→ Task brief:
Give back the whole listing exactly as written, pictures excluded.

→ Supplied material:

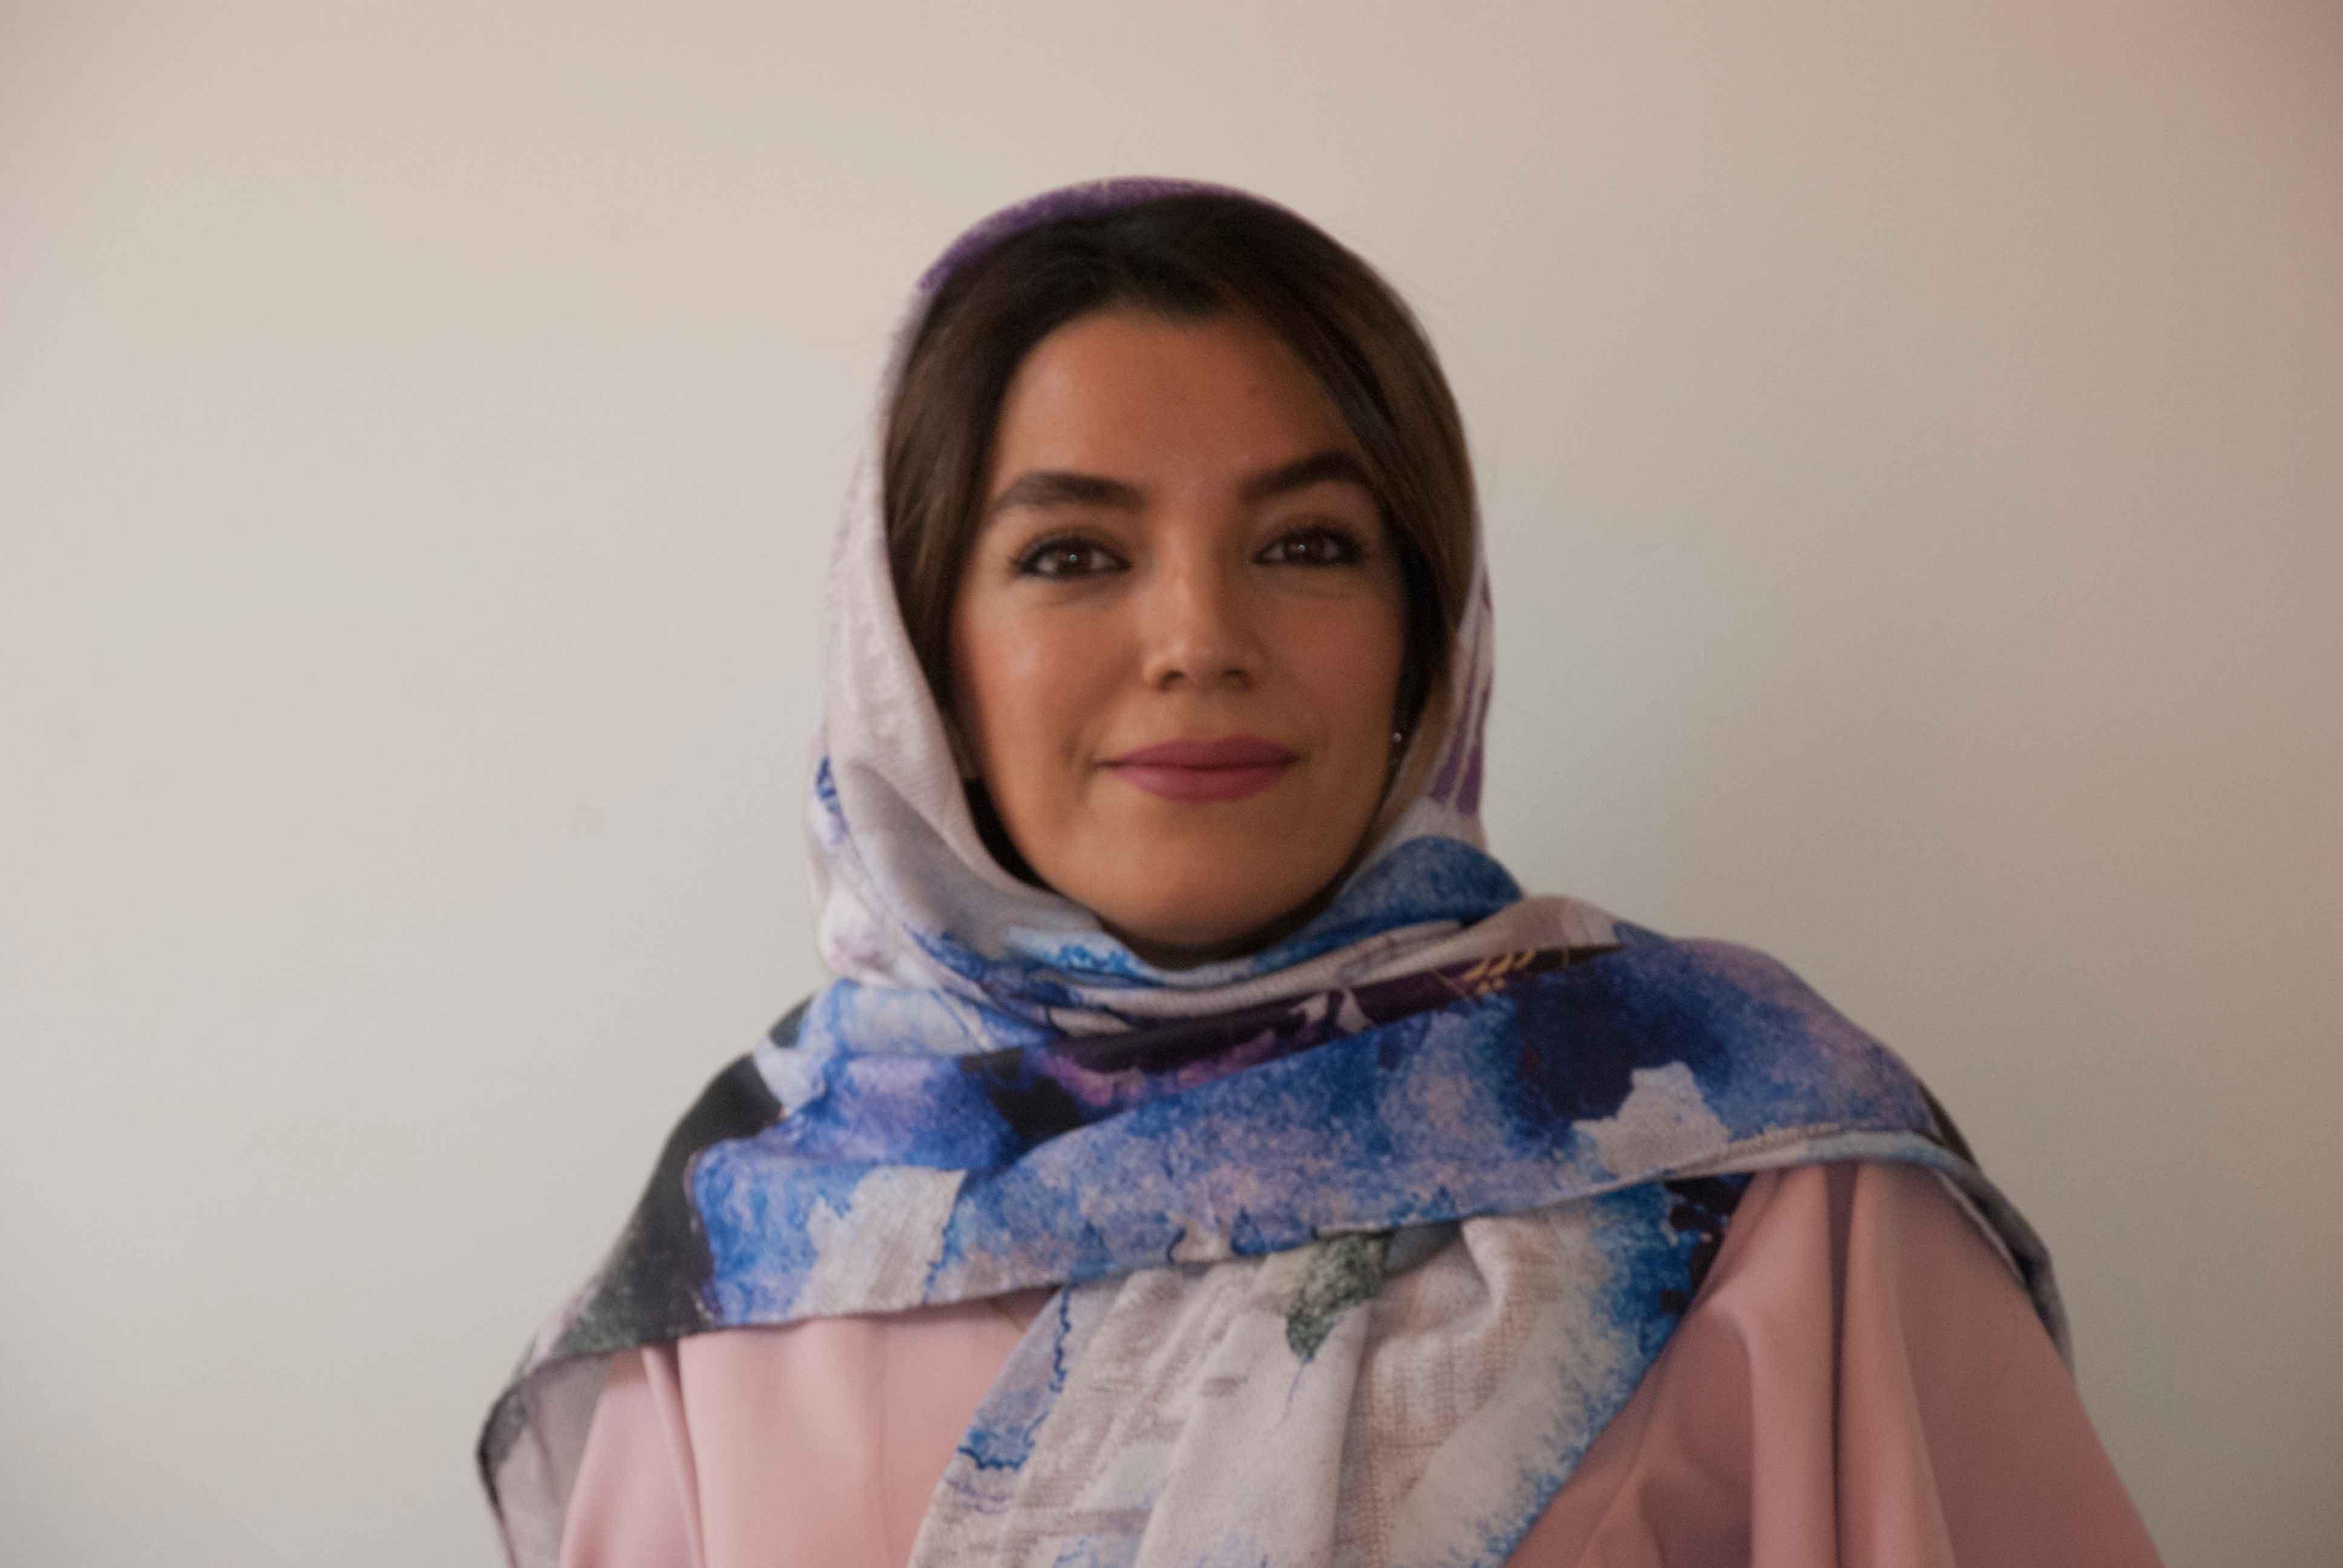 دکتر-سارا-سجادی-فر-متخصص زوج درمانگر اکسیر
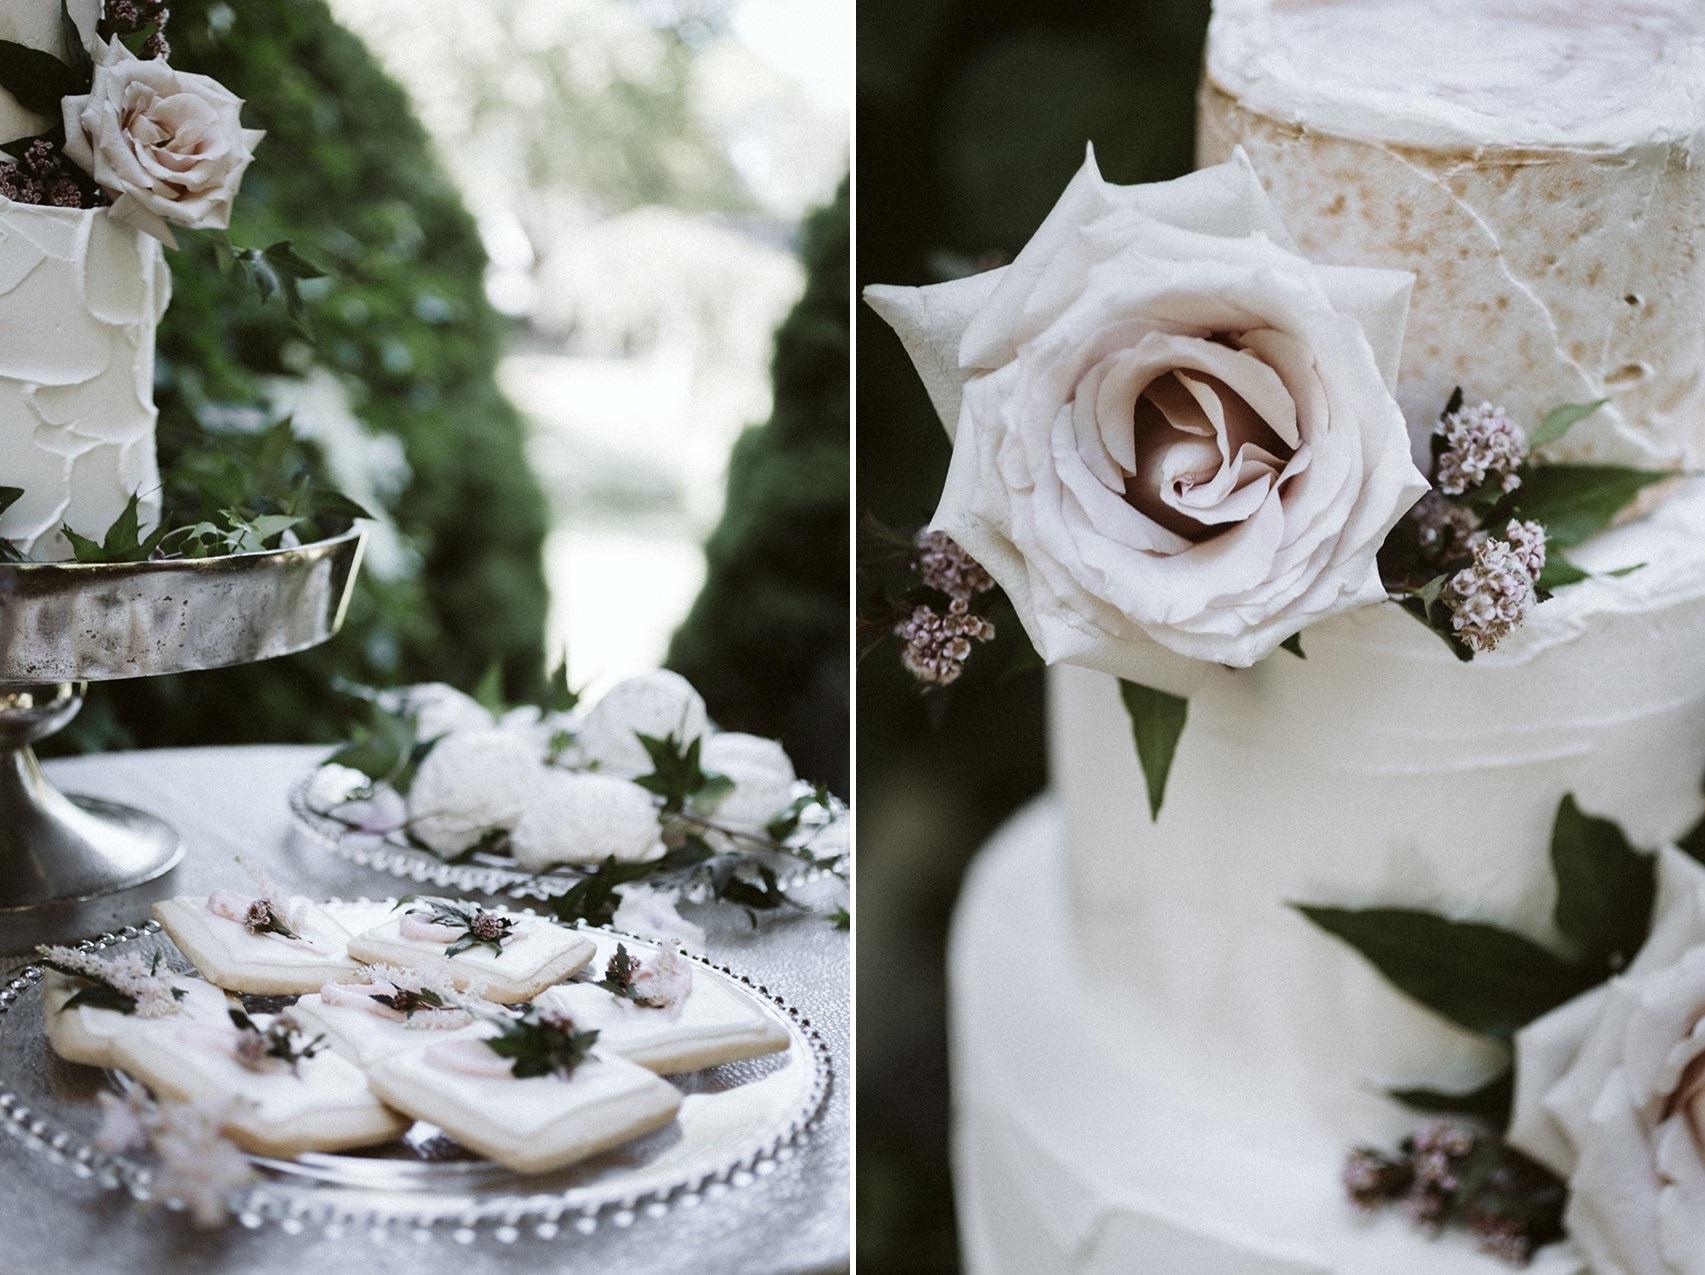 Floral Wedding Desserts
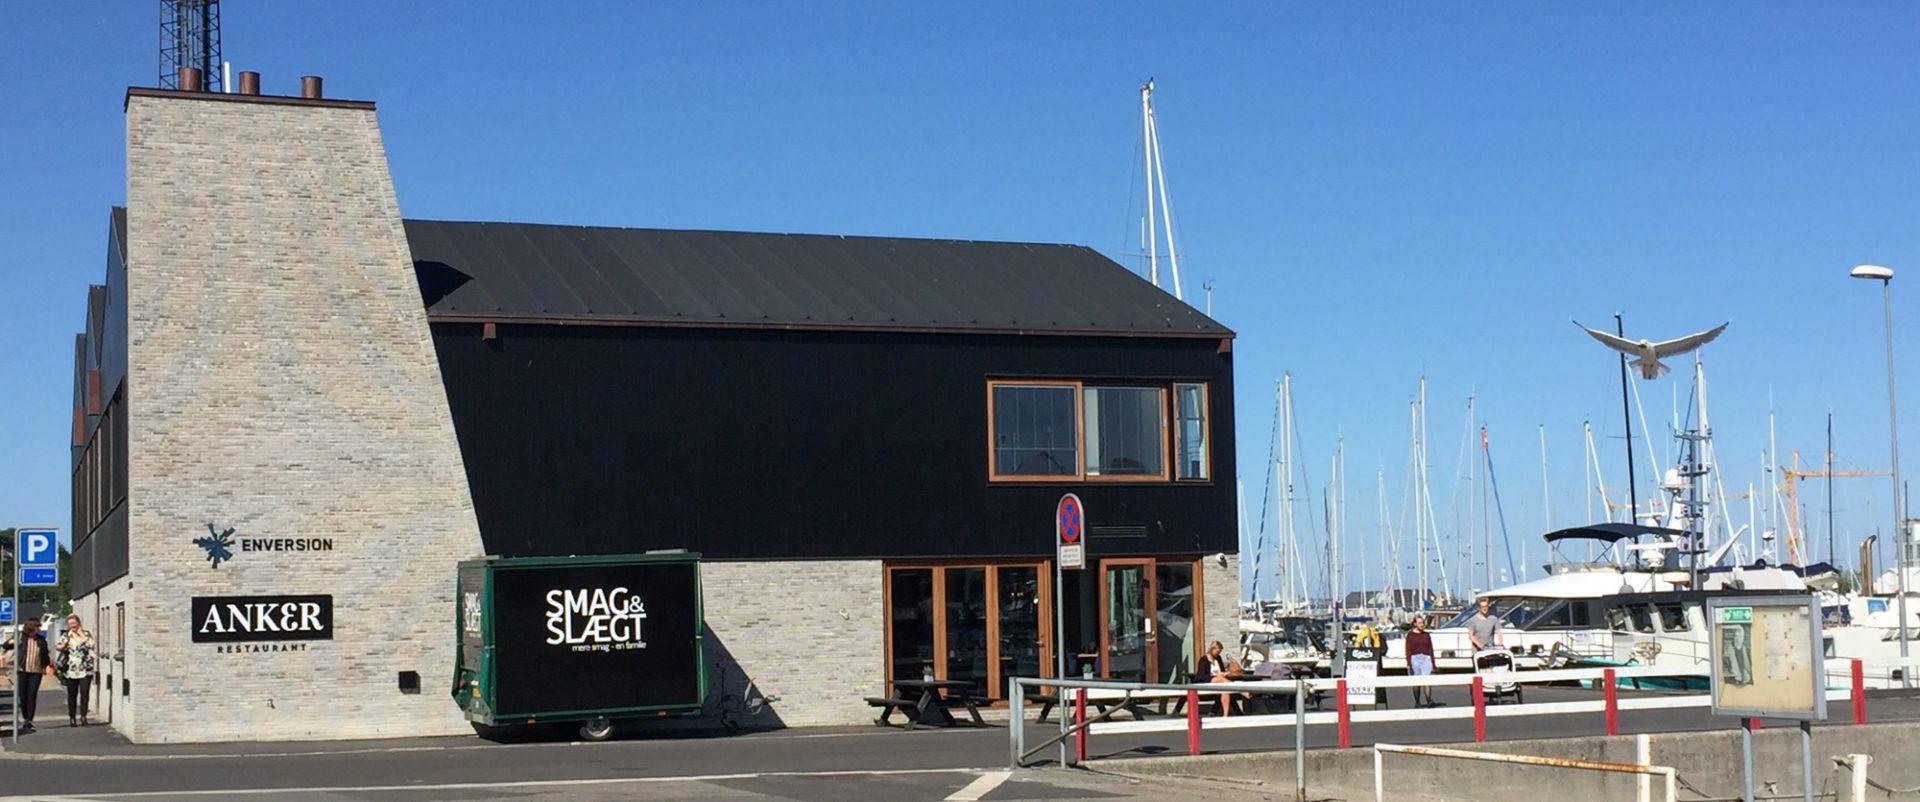 Friske fisk: Fem fiskerestauranter i Aarhus C

→ Result of this exercise:
 دکتر-سارا-سجادی-فر-متخصص زوج درمانگر اکسیر
 Floral Wedding Desserts
 Friske fisk: Fem fiskerestauranter i Aarhus C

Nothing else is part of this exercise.